India needs to invest for its homeless: Narayanan Krishnan
Narayanan Krishnan is a social activist who started a non-profit organisation called "Akshaya Trust" in Madurai, the third largest city of the South Indian state of Tamil Nadu, in 2003. The trust caters to the homeless, mentally ill, elderly and the destitute. Narayanan Krishnan was recognized as one of the top 10 heroes by CNN in 2010. He serves fresh meals to the homeless everyday. Akshaya Trust came up with an initiative called 'Akshaya Home' which was established in 2013 and houses nearly 450 underprivileged people. Here's an exclusive interview with Narayanan Krishnan. Excerpts:
1. What inspired you to take an initiative to give a new life to the homeless people?

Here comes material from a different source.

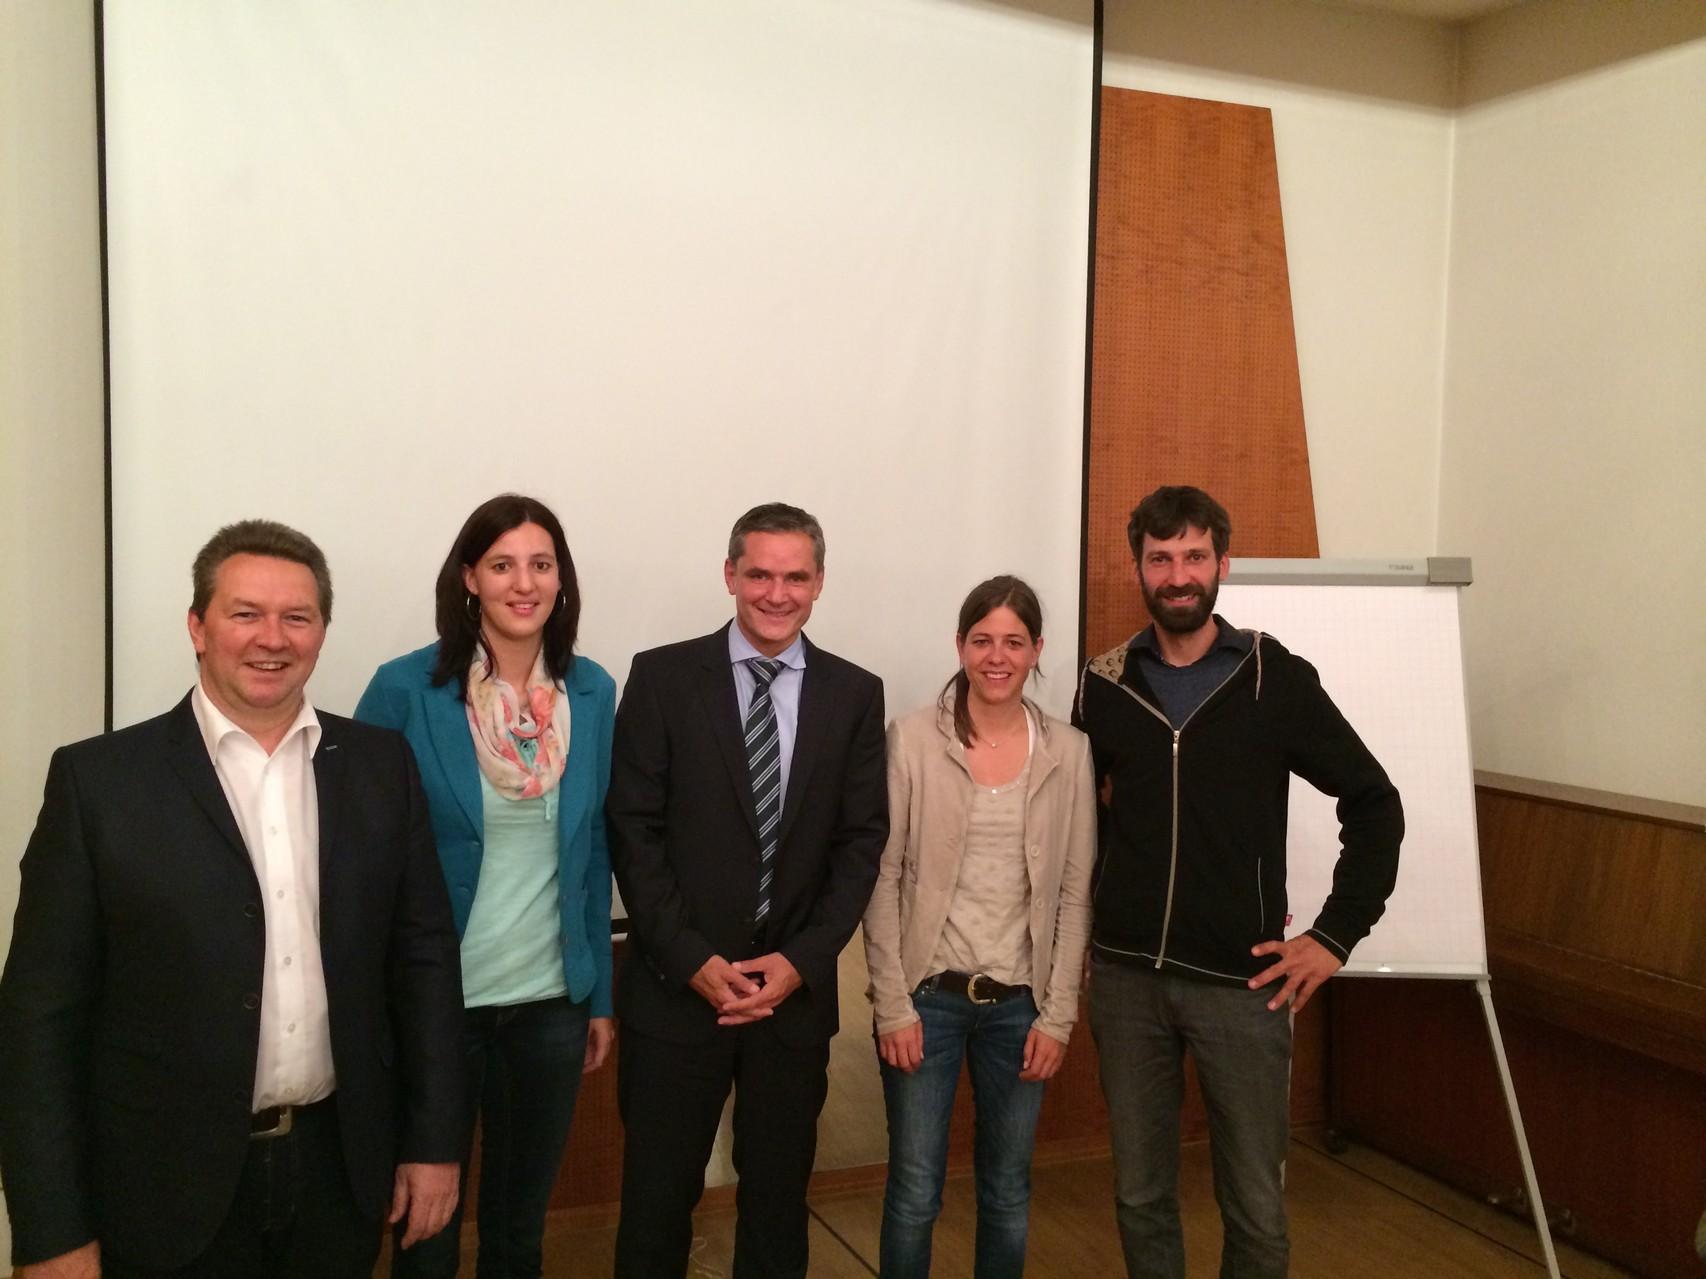 Vortrag WIR Bank von Raphael Stoffel in Naters, 22. Mai 2014

Each of us has a calling and I believe that we are on this earth for a purpose. Just before heading to Switzerland to take up a job as a Chief Chef, I visited my hometown, Madurai to bid good bye to my family. On the way to the Madurai's Meenakshi temple, I happened to see an old man eating his own human waste to satisfy his hunger. The stark difference between his life and mine became very clear to me. I could not get myself to walk away from my country and my people. They needed me, this was my calling. I resigned from my job at a five star hotel chain and decided to start feeding the people on the streets. This then grew into a desire to house them at Akshaya Home. Now I believe that serving those on the streets and taking care of them is my calling.
2. What food requirements is specially being taken care of while feeding to such people? Is preference given to women and children as their nutritional requirements differ?
The food that is cooked and served is vegetarian. We ensure a good mix of lentils so our residents can get their daily dose of protein. If a resident is diabetic or has blood pressure, we monitor the quantity consumed by them. A lot of our residents are on medication as prescribed by our doctors for their conditions.
3. Do you have any plans to extend this initiative to the other parts of India?
It is hard to run a non-profit organisation. The public and the government do not understand the magnitude of such operations. As the recent litigation has proven - rather than helping, there are other non profits that hinder operations. I cannot imagine at least at this point of time extending this cause outside of my home state. Finding good leadership that is reliable is very hard and I do not want to dilute the moral and ethical values with which me and my staff serve by expanding.
4. As a social activist, how according to you can India solve the problem of the homeless people particularly meeting their food requirements?
Food is just one part of the problem of the homeless. It is important for the government to construct homes like Akshaya in every state and truly go out, rescue and house the mentally disabled.
They can team up with organizations such as Akshaya and help us by asking huge corporations that are in the food industry to donate. Till date, not a single corporation that sells food products has come forward to donate food to Akshaya. I would assume the same is the case with other non-profit organisations as well. Why is this the case? Where is their sense of civic duty?
To change our country for the better, all of us have to join hands. If we want to see India become a developed country, we need to invest in bringing up the down trodden, the illiterate and the homeless.